Local hemodynamics at baseline and post-TAVR (N = 26). (a) LCC neo-sinus stasis volume; (b) RCC neo-sinus stasis volume; (c) NCC neo-sinus stasis volume; (d) Total neo-sinus stasis volume; (e) Distributions of calcium volume per leaflet and blood stasis volume per leaflet pre- and post-TAVR. Abbreviations: LCC, left coronary cusp; NCC, noncoronary cusp; RCC, right coronary cusp; TAVR, transcatheter aortic valve replacement.

Figure 5

Local hemodynamics at baseline and post-TAVR (N = 26). (a) LAD peak diastolic flow; (b) LAD peak systolic flow; (c) LCX peak diastolic flow; (d) LCX peak systolic flow; (e) RCA peak diastolic flow; (f) RCA peak systolic flow.
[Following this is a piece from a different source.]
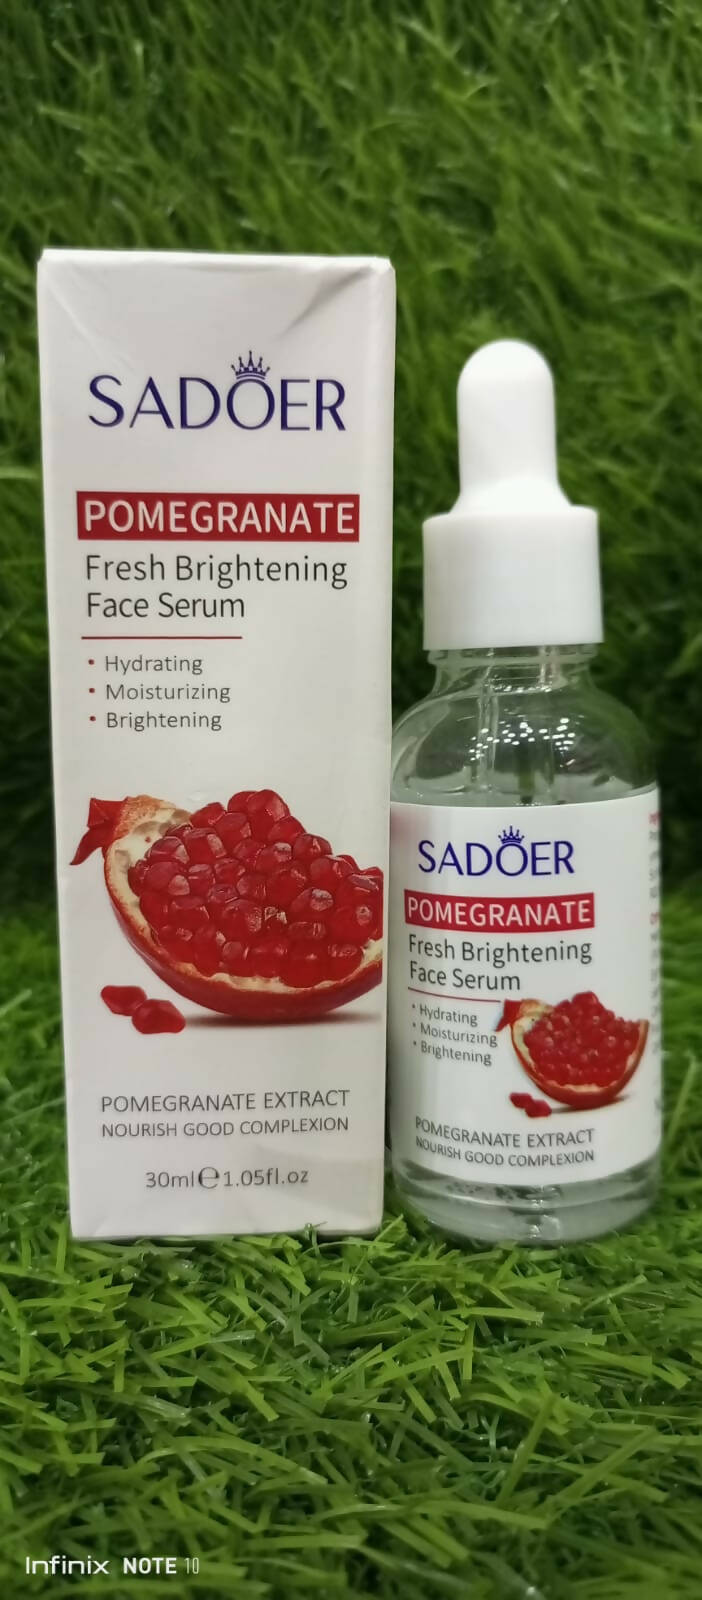 Sadoer Pomegranate Fresh Brightening Face Serum
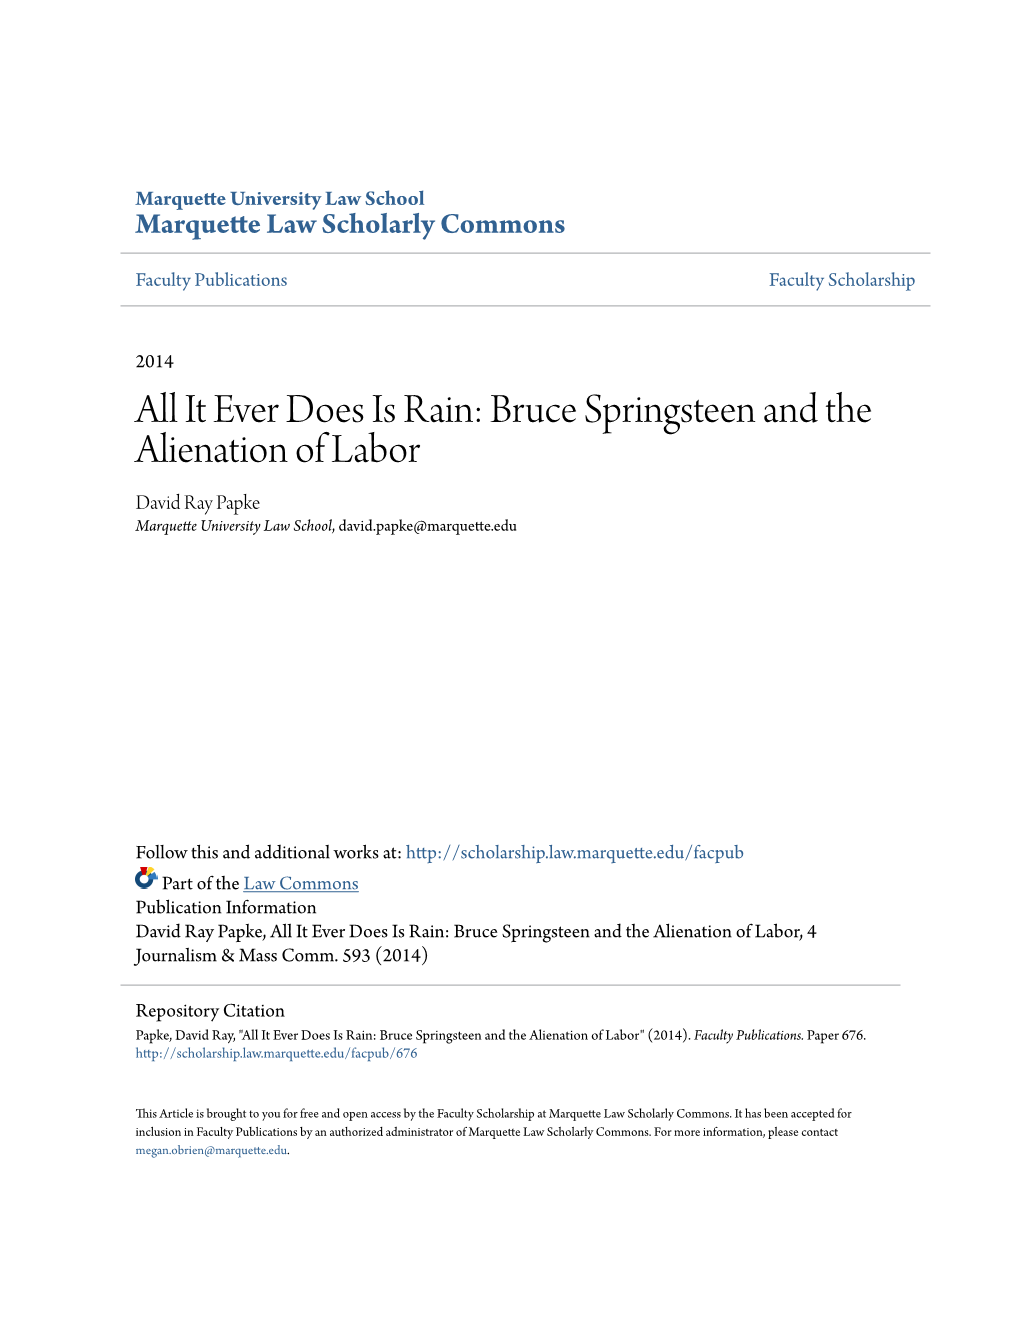 Bruce Springsteen and the Alienation of Labor David Ray Papke Marquette University Law School, David.Papke@Marquette.Edu

Abbreviation: TAVR, transcatheter aortic valve replacement.

Figure 6

Global hemodynamics at baseline and post-TAVR (N = 26). (a) LV workload; (b) Aortic valve mean pressure gradient; (c) Ejection fraction; (d) Box plots comparing LV workload and clinical parameters pre- and post-TAVR. Abbreviations: LV, left ventricle; TAVR, transcatheter aortic valve replacement.

Figure 7

Correlation analysis between calcium volume of the leaflets and hemodynamic parameters (local and global) (N = 26). (a) Scatter plot of NCC calcium volume vs. LCC blood stasis volume (post-TAVR); (b) Scatter plot of NCC calcium volume vs. commissural misalignment (post-TAVR); (c) Scatter plot of NCC calcium volume vs. RCC blood stasis volume (pre-TAVR); (d) Scatter plot of total calcium volume vs. coronary resistance (pre-TAVR); (e) Scatter plot of total calcium volume vs. NCC blood stasis volume (pre-TAVR); (f) Scatter plot of total calcium volume vs. total blood stasis volume (pre-TAVR); (g) Scatter plot of RCC calcium volume vs. LV load (pre-TAVR); (h) Scatter plot of RCC calcium volume vs. LV load (post-TAVR); (i) Box plots comparing blood stasis volume changes after TAVR per leaflet for all patients. Abbreviations: LCC, left coronary cusp; LV, left ventricle; NCC, noncoronary cusp; RCC, right coronary cusp; TAVR, transcatheter aortic valve replacement.

Figure 8

TAVR and the challenge of reducing the risk of leaflet thrombosis and coronary plaque progression over time.